With Anunoby and Leonard slated to play significant minutes at the power forward position and Ibaka’s rumoured transition to a more centre-heavy role, exactly how Siakam’s minutes will shake-out is a work in progress that will evolve as the season does. Don’t expect the Raptors rotation on opening night to look like it will come mid-March. Fans love to dream on fun defensively switchable lineups like Lowry-Wright-Leonard-Anunoby-Siakam playing together but with Valanciunas, Ibaka and Greg Monroe all on the roster, it’s unlikely we’ll see a lot of anything like that, at least initially.

Expect to see Siakam garner his usual 20ish minutes per night, with the chance to earn more run if his shooting has truly improved. His 22 percent on 132 three point attempts last season ranked dead last among NBA players who attempted over 100 triples. Second last was Phoenix’s Josh Jackson, who managed 26.3 percent, so it wasn’t particularly close either. it will be interesting to see if this is a part of his game that’s emphasized again this season, particularly if he struggles early on.

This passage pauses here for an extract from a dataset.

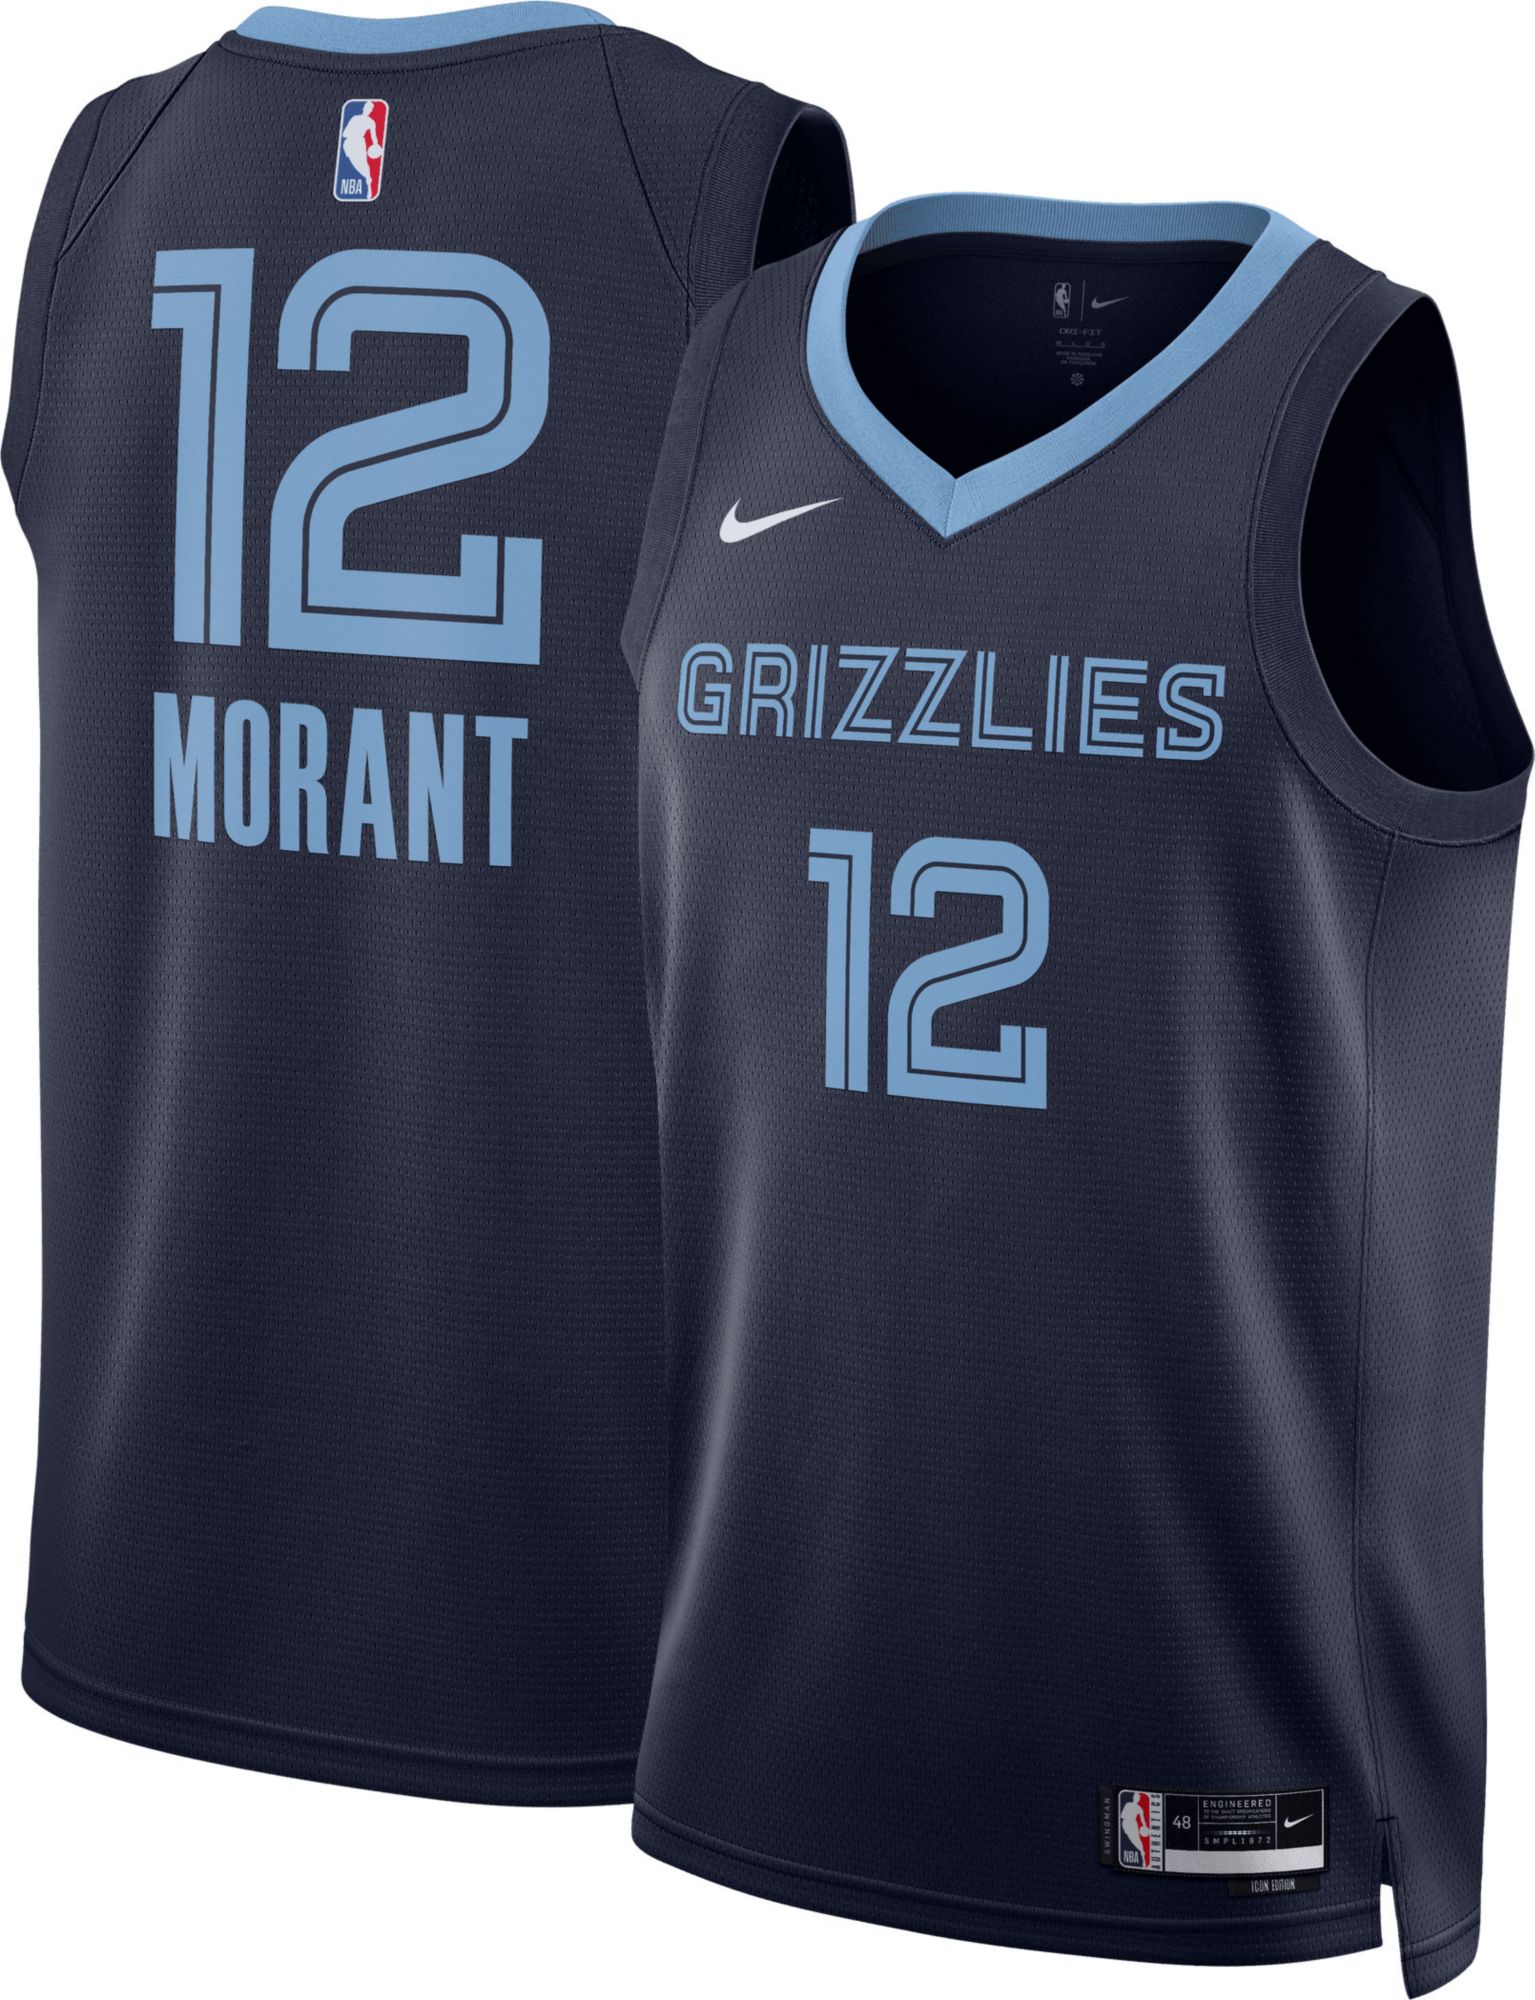  NBA Memphis Grizzlies Mike Bibby Swingman Jersey Turquoise,  XX-Large : Sports Fan Basketball Jerseys : Sports & Outdoors

What you can expect to see in those 20 minutes though, is the fun part. Even if Siakam is simply what he was last year, he’ll be a hugely important bench piece. And if Siakam can show anything like the developing arsenal he exhibited in the Drew League? Well then he’s quickly going to become over-qualified for a bench role, the kind of internal development that is exactly how good teams push themselves over the top.

The Raptors are going to be searching for a player that can fill-in when OG has an off-night or Kawhi needs rest. A player that can take a huge step forward, a la Fred VanVleet last season. A spark, who can also provide a steadying influence on the nightly rotation. Siakam is the leading candidate to be that guy. He has all the tools, he just needs to find the latch to the toolbox on a nightly basis. If he can do that, the Raptors depth goes from solid to scary really quickly. Everything we’ve seen so far about his work ethic suggests that he’ll get there. There’s a clear map to success for Siakam, he just needs to follow it.

It shouldn’t be too hard — after all, X marks the spot. (For the X factor... get it? Eh? Ehhhh? I’ll show myself out).